Received my lights and reflectors, first class service yet again, thanks :2thumb:


----------



## Blake1990 (May 15, 2011)

Recieved my order today, couldnt be more impressed with SPS, best prices, Great comms with regards to delivery, and order recieved within the one hour time slot provided well packaged :2thumb:

Thanks SPS i will be making another order with you very soon : victory:


----------



## petman99 (Aug 22, 2010)

Thanks Guys
We are always looking at more ways to improve our service and website features to thye customer.


----------



## scottology (Aug 8, 2008)

Hi Mark,

Just noticed this thread while browsing and thought I'd ask a question here.

Basically I'm looking at ordering a brand new vivexotic vx36 at in the next week or so with all the kit I need to get it up and running. i.e. heatmat, stat, double thermometer, compact UV, night LEDs and general decor (hides, branches, plants etc)

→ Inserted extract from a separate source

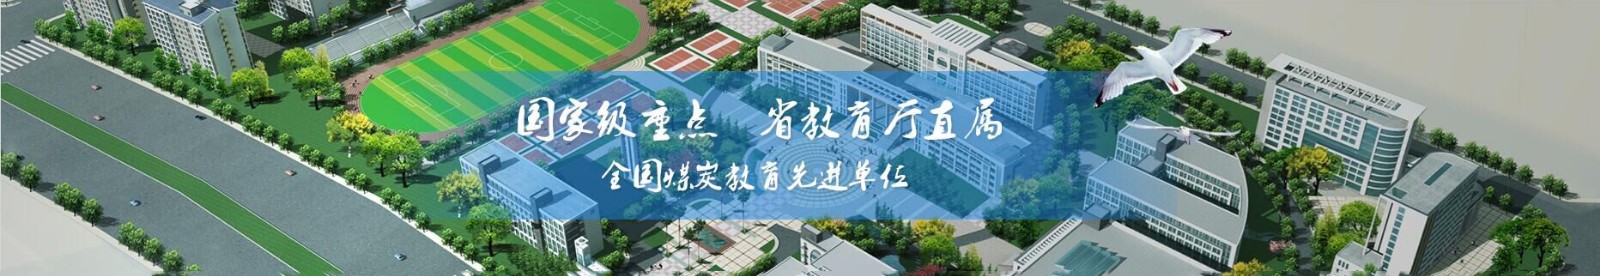 安徽省合肥能源技术学校公司介绍

However, your site says you dont deliver the viv's, which means I'm currently looking at using you guys for the bits I need and another supplier for the actual vivarium, which is a bit of an inconvenience (being around to take in 2 deliveries).

So I suppose the question is why are you unable to deliver the actual vivarium? Is it down to weight, as personally I'd be happy to pay extra to cover any additional cost.

Is this something you could look at changing in the future?

Thanks


----------



## Lutra Garouille (Sep 22, 2011)

I placed an order last night and this morning was worried i had made a mistake. I messaged petman99 and he has already sorted things for me! :2thumb:

Now thats what i call service! 

Now just to wait for it to arrive :mf_dribble:


----------